» Exercise directions
All of the data that follows is to be printed exactly, without pictures.

» Raw data
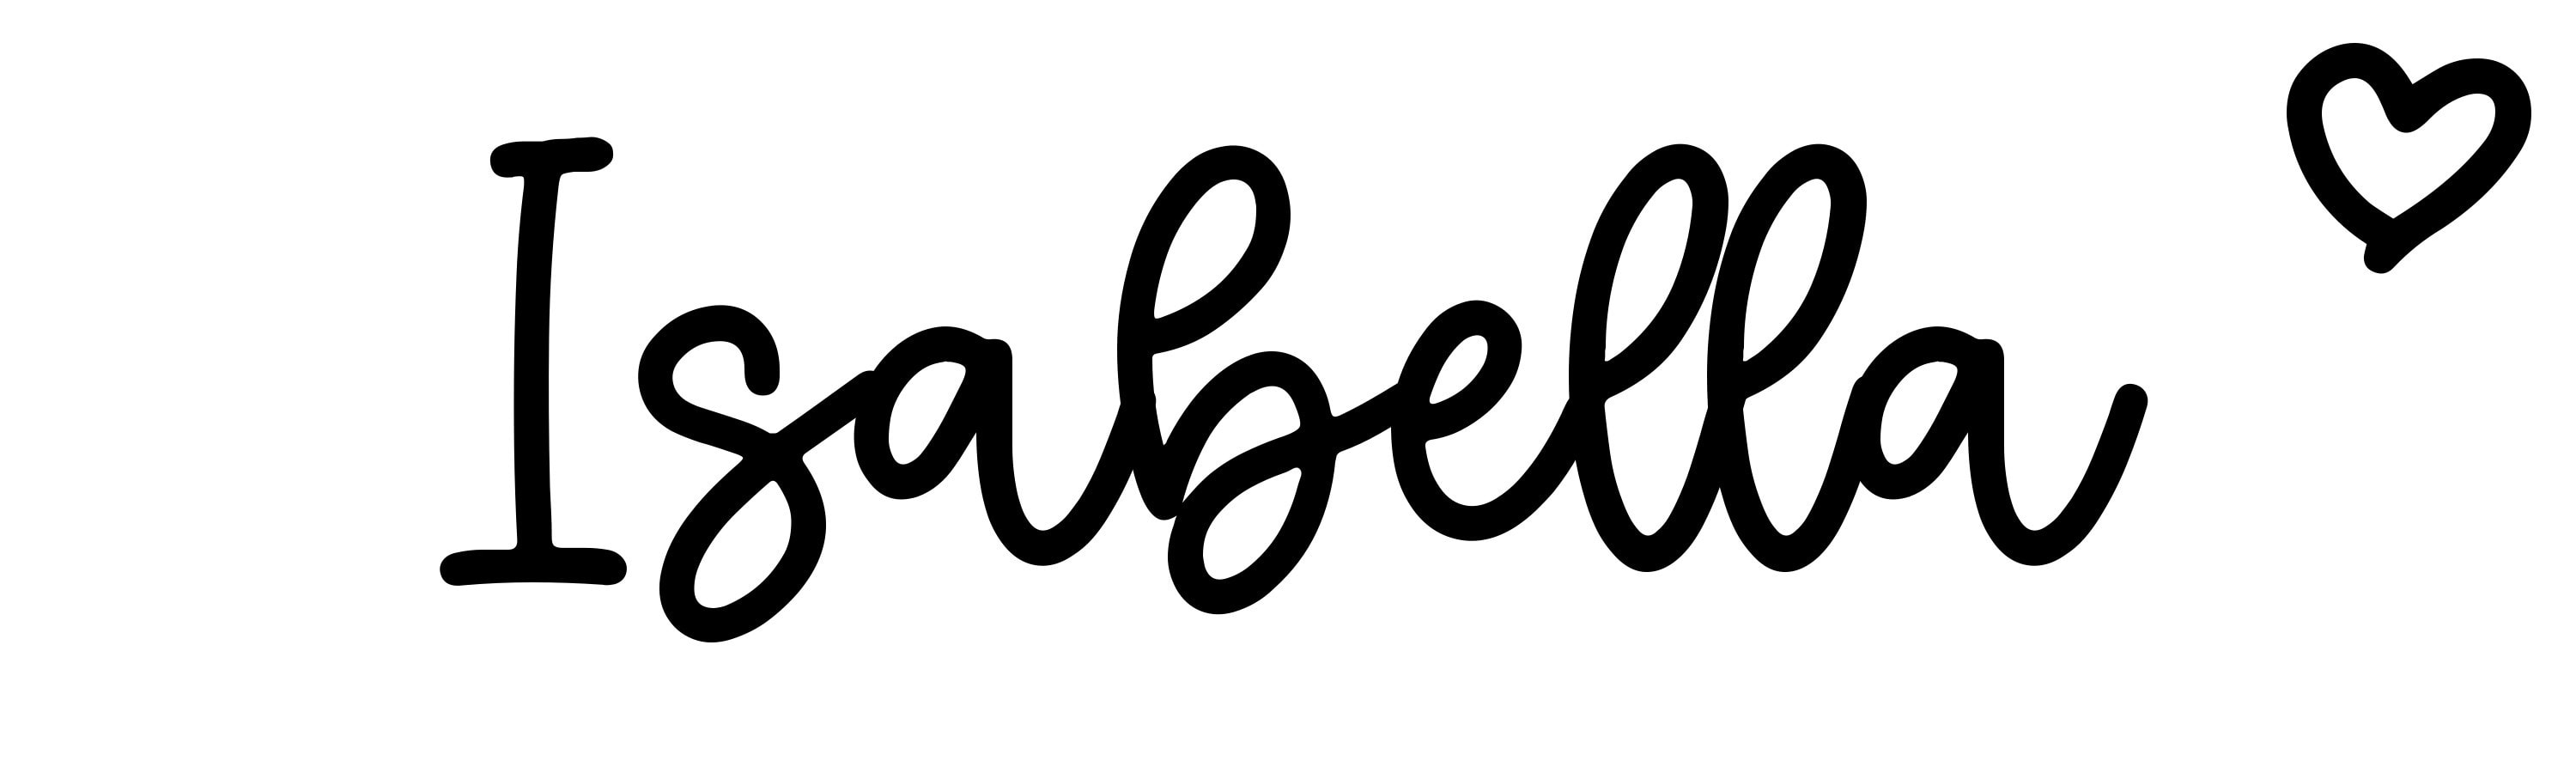 Isabella - Click Baby Names
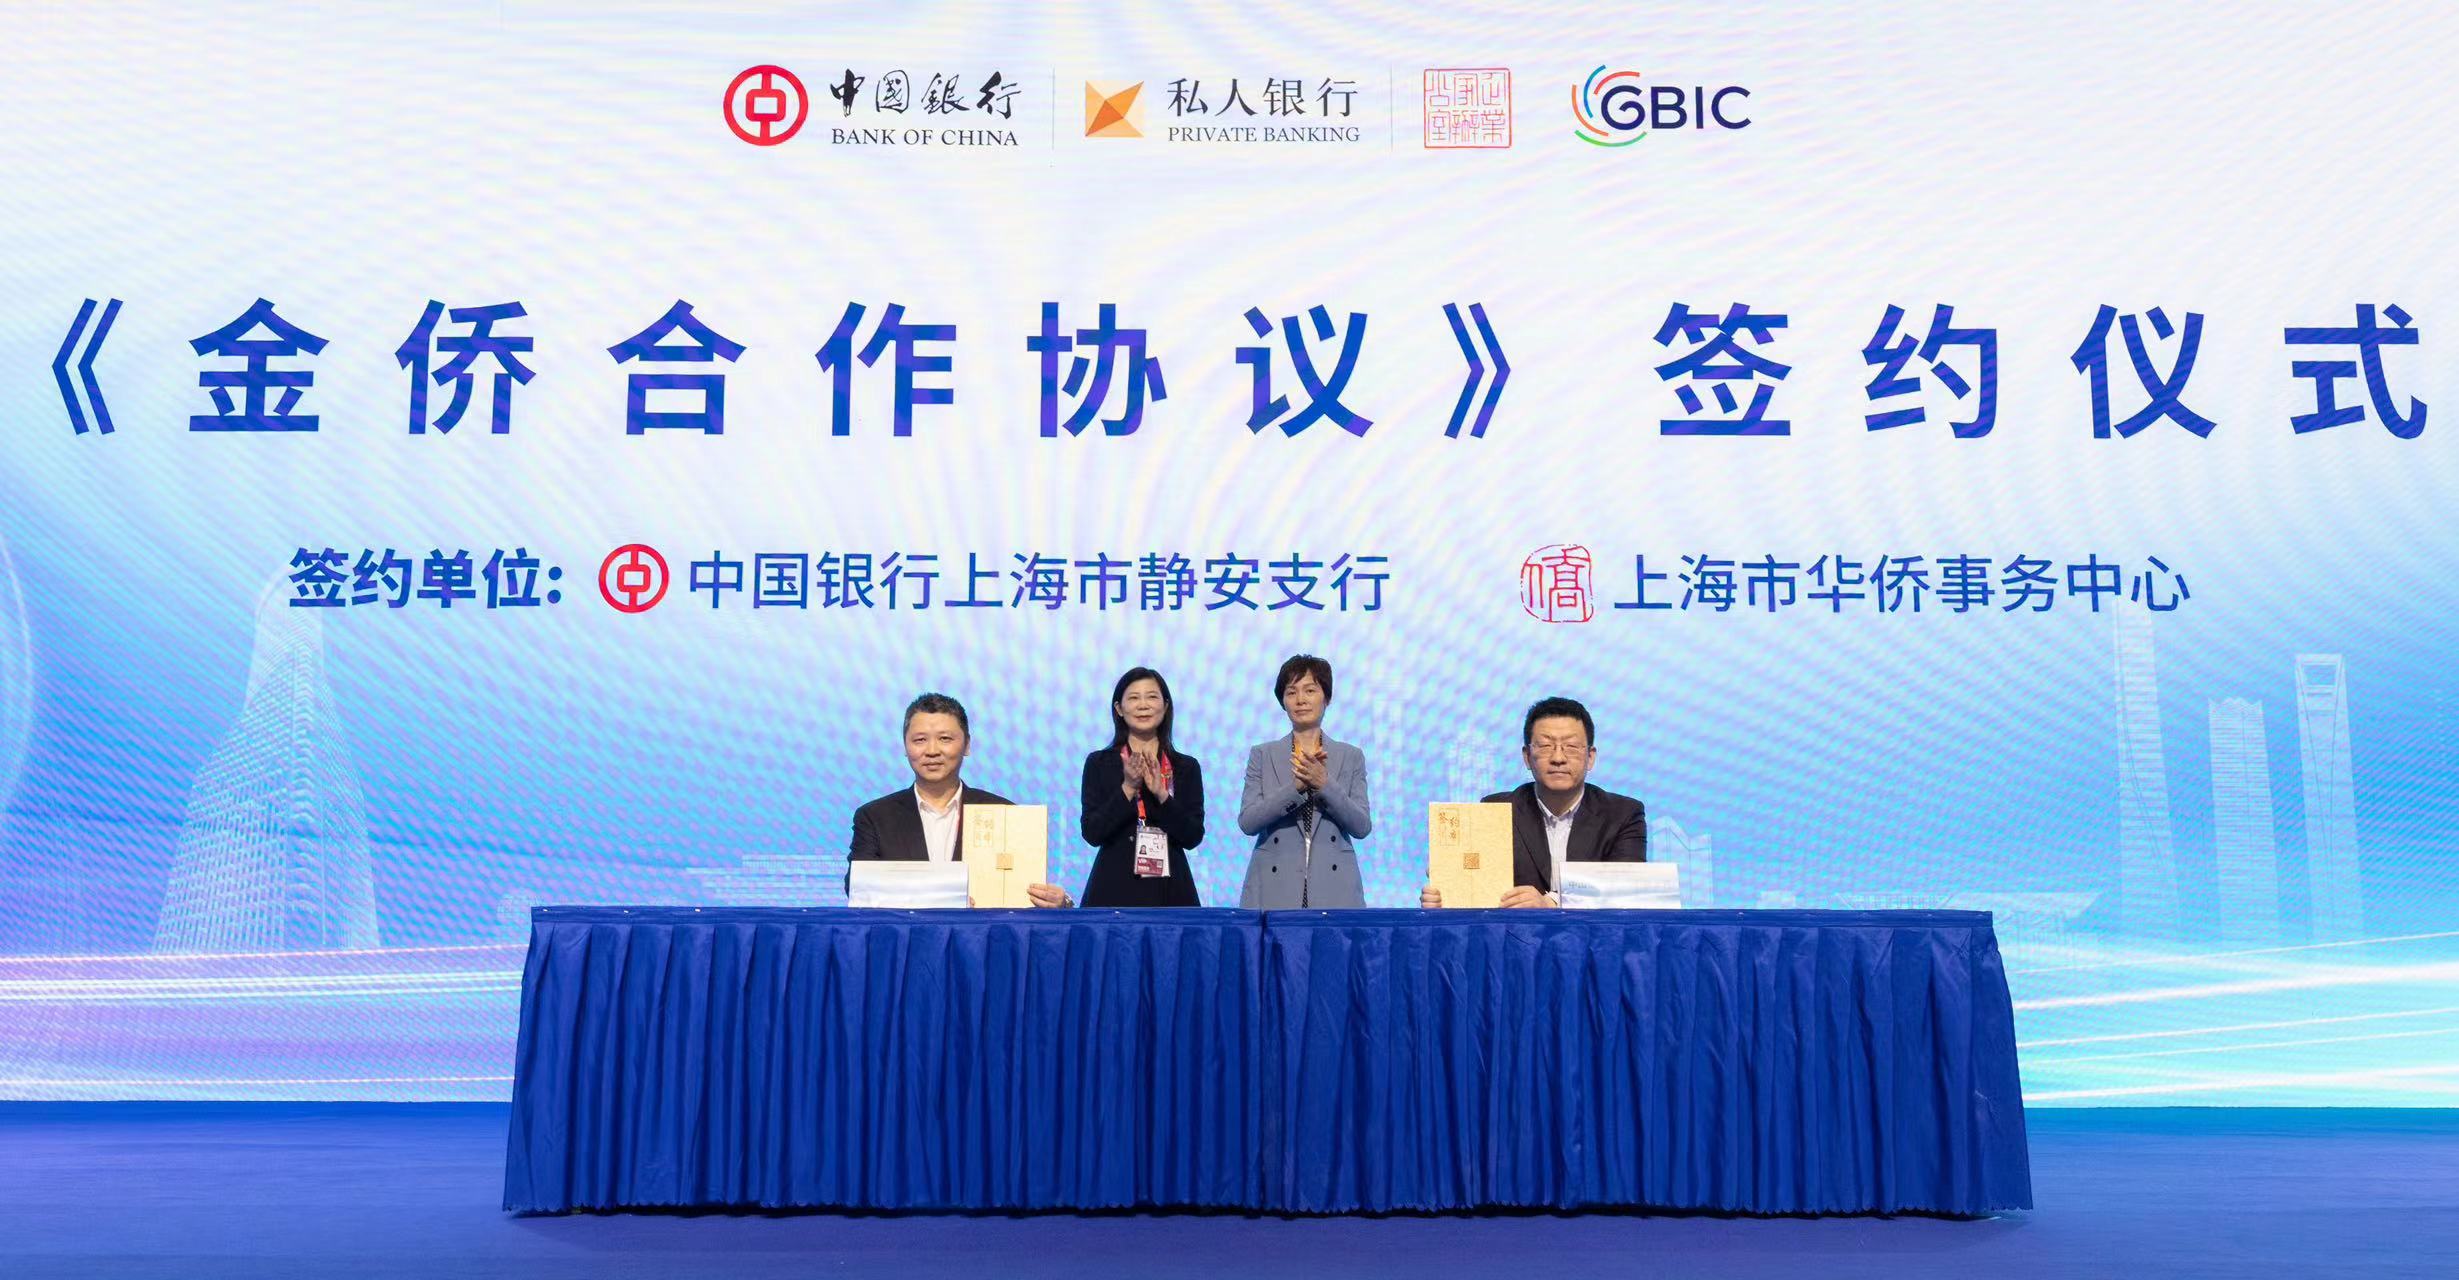 “侨聚进博，投资中国”中国银行企业家办公室GBIC大会在上海进博会期间举办
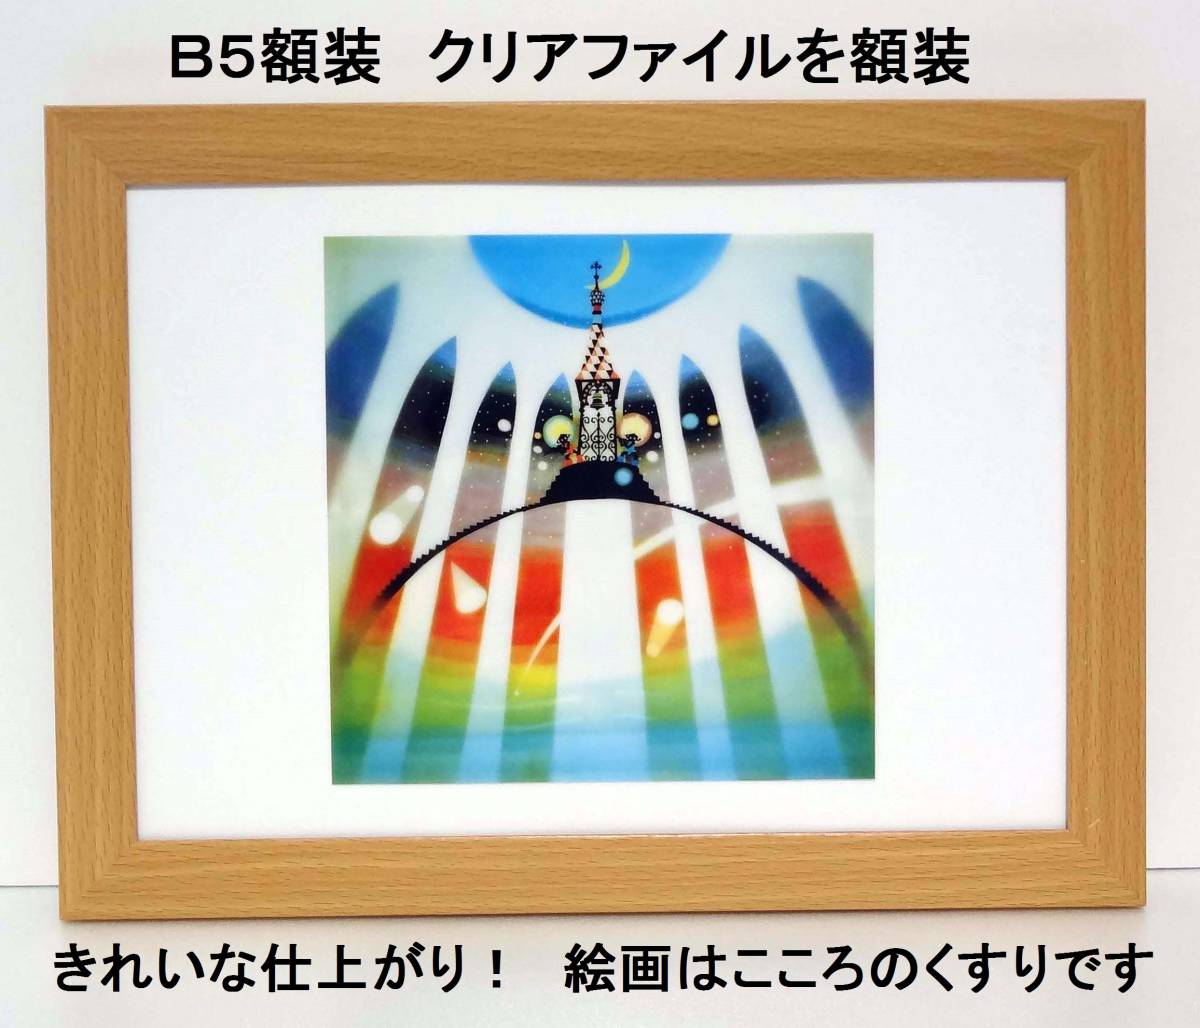 बेहद मूल्यवान! सेजी फुजीशिरो के ट्विन स्टार्स की अप्रयुक्त स्पष्ट फ़ाइल एक नए B5 फ्रेम में, कलाकृति, चित्रकारी, अन्य

» Task output
 Isabella - Click Baby Names
 “侨聚进博，投资中国”中国银行企业家办公室GBIC大会在上海进博会期间举办
 बेहद मूल्यवान! सेजी फुजीशिरो के ट्विन स्टार्स की अप्रयुक्त स्पष्ट फ़ाइल एक नए B5 फ्रेम में, कलाकृति, चित्रकारी, अन्य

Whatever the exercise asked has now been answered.